Records shown section start

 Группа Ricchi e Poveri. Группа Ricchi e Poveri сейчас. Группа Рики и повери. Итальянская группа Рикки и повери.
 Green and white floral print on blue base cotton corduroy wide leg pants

Records shown section end
Records shown section start

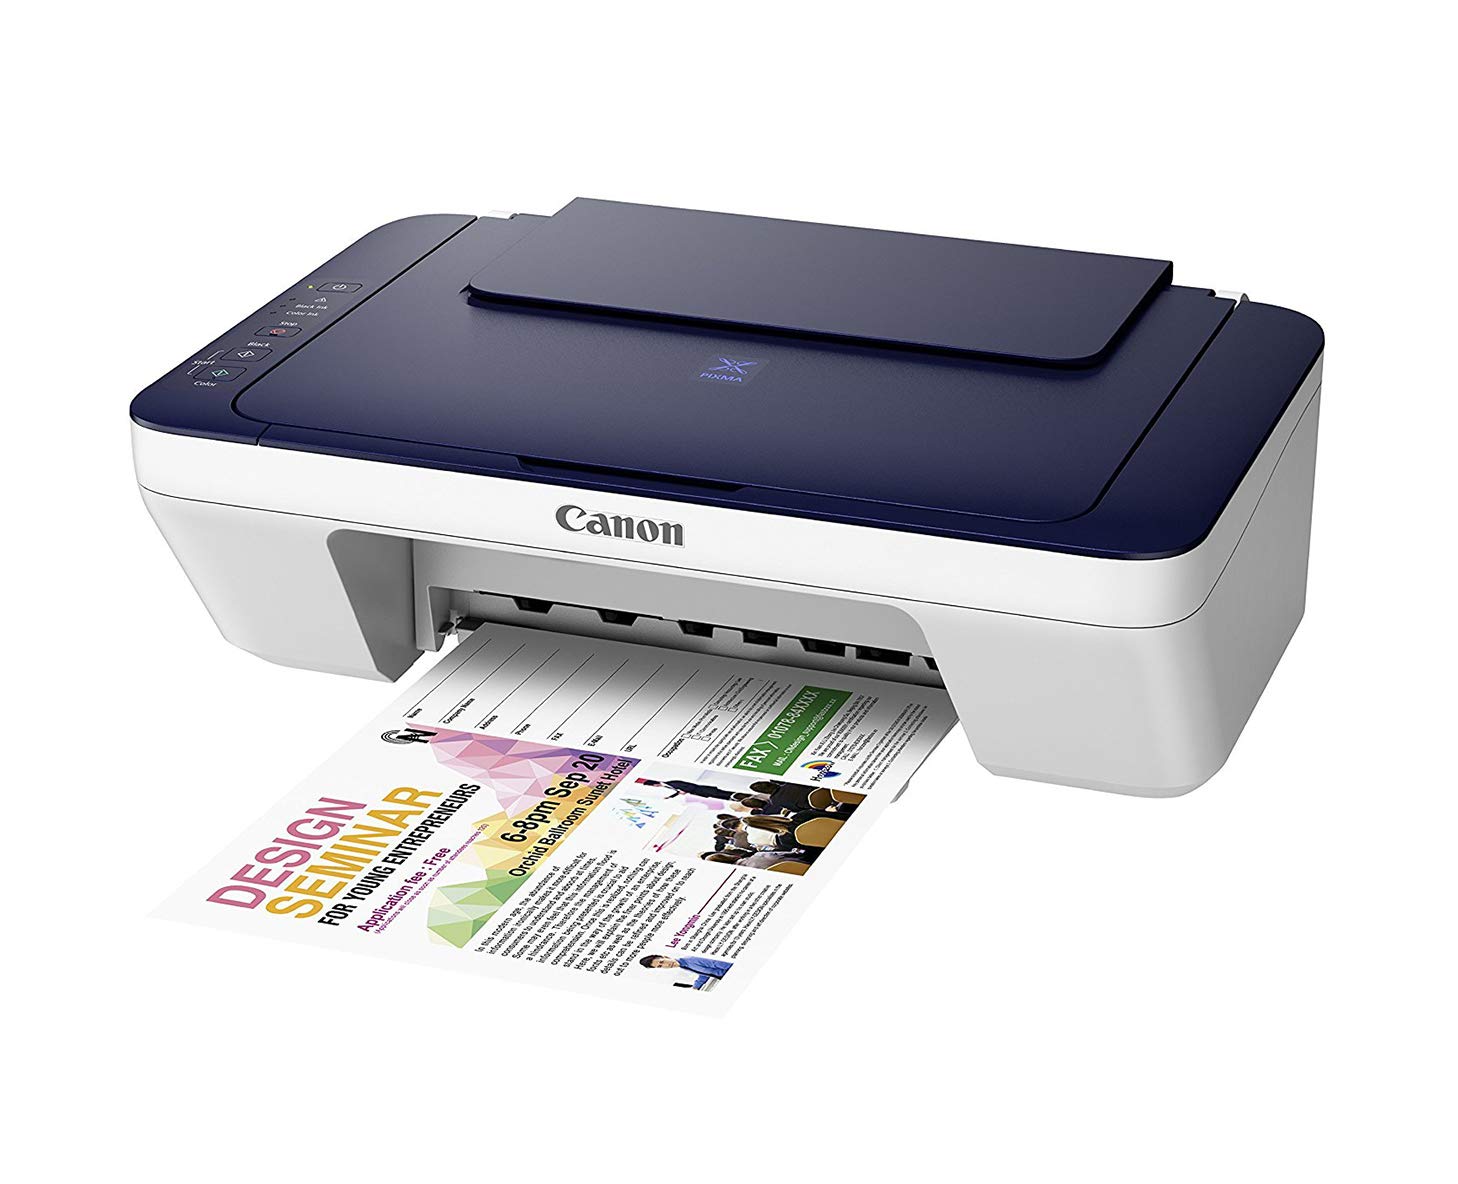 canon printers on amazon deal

Records shown section end
Records shown section start

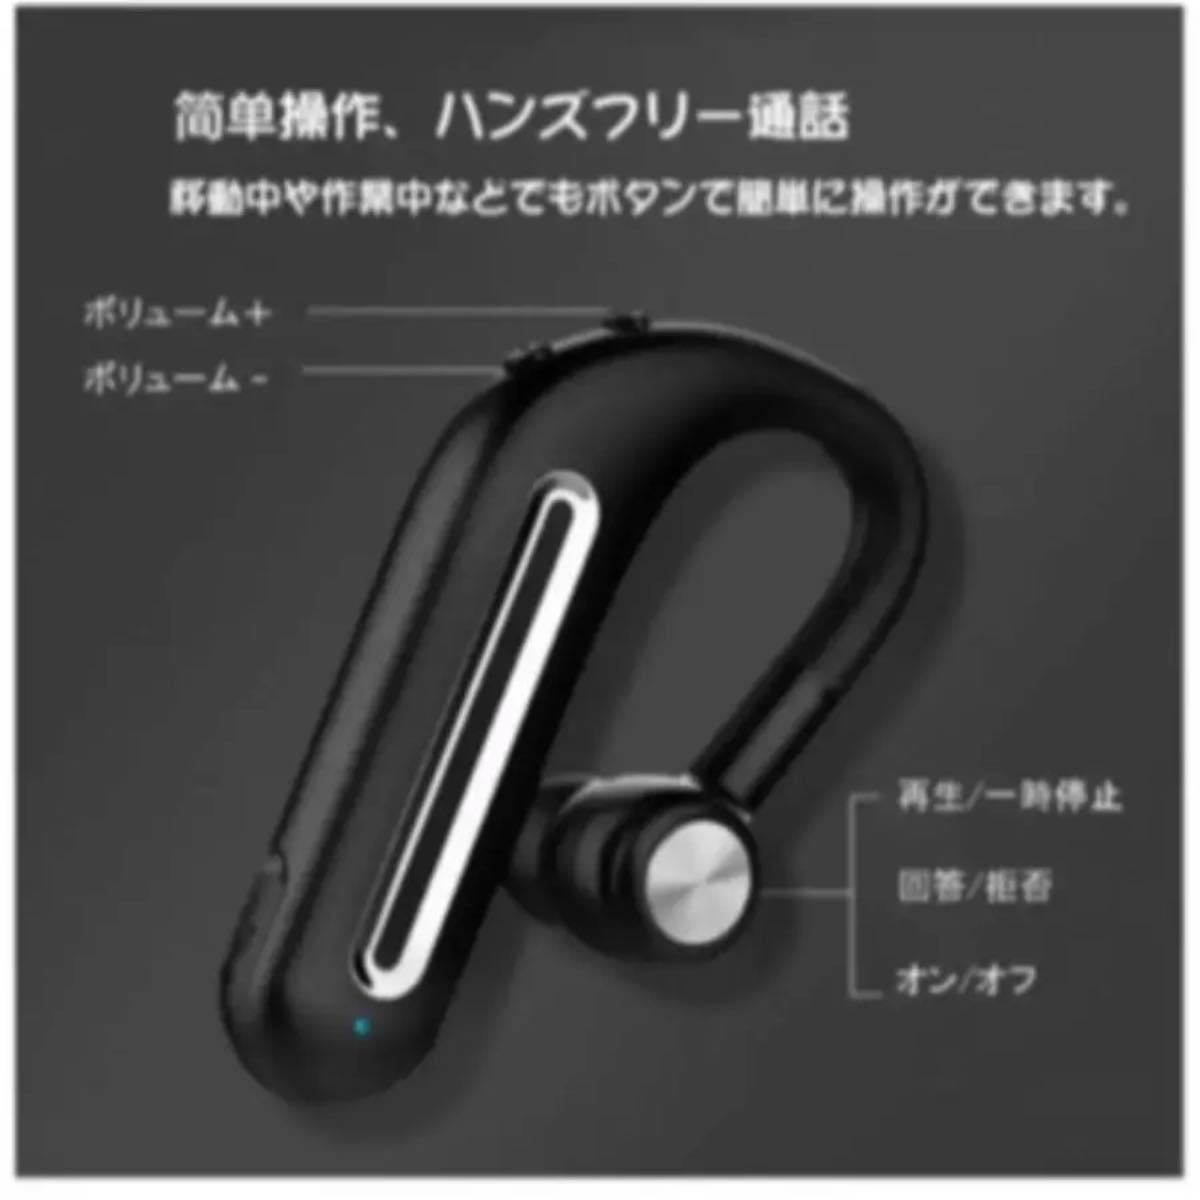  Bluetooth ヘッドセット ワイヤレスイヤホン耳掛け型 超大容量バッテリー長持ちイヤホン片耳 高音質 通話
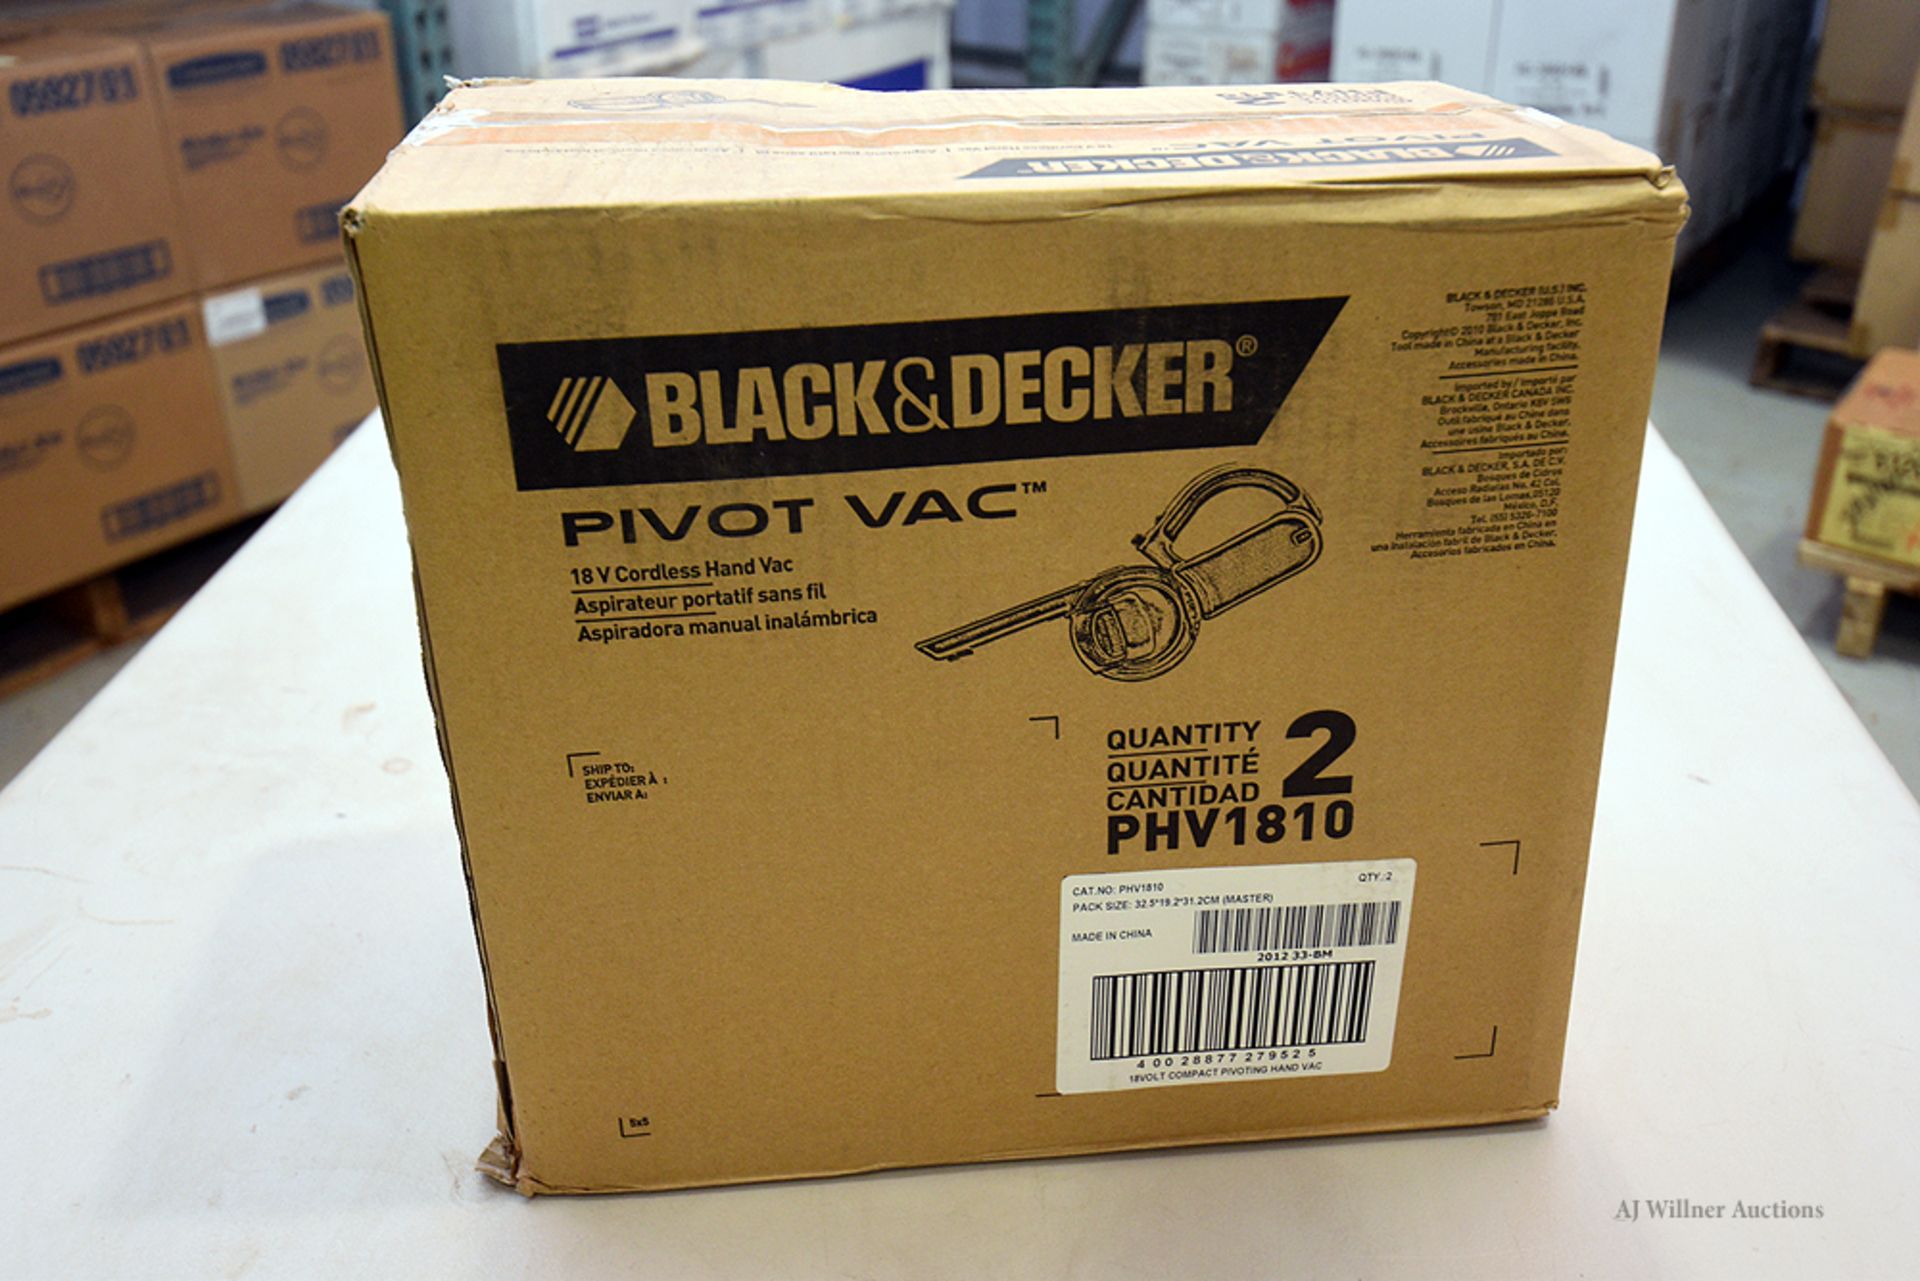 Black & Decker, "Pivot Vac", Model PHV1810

Records shown section end

Prompt:
Please give back, exactly as it stands above, the stretch from the line with "Группа Ricchi e Poveri." through the line with "Green and white", and no line outside it.

Result of the task:
 Группа Ricchi e Poveri. Группа Ricchi e Poveri сейчас. Группа Рики и повери. Итальянская группа Рикки и повери.
 Green and white floral print on blue base cotton corduroy wide leg pants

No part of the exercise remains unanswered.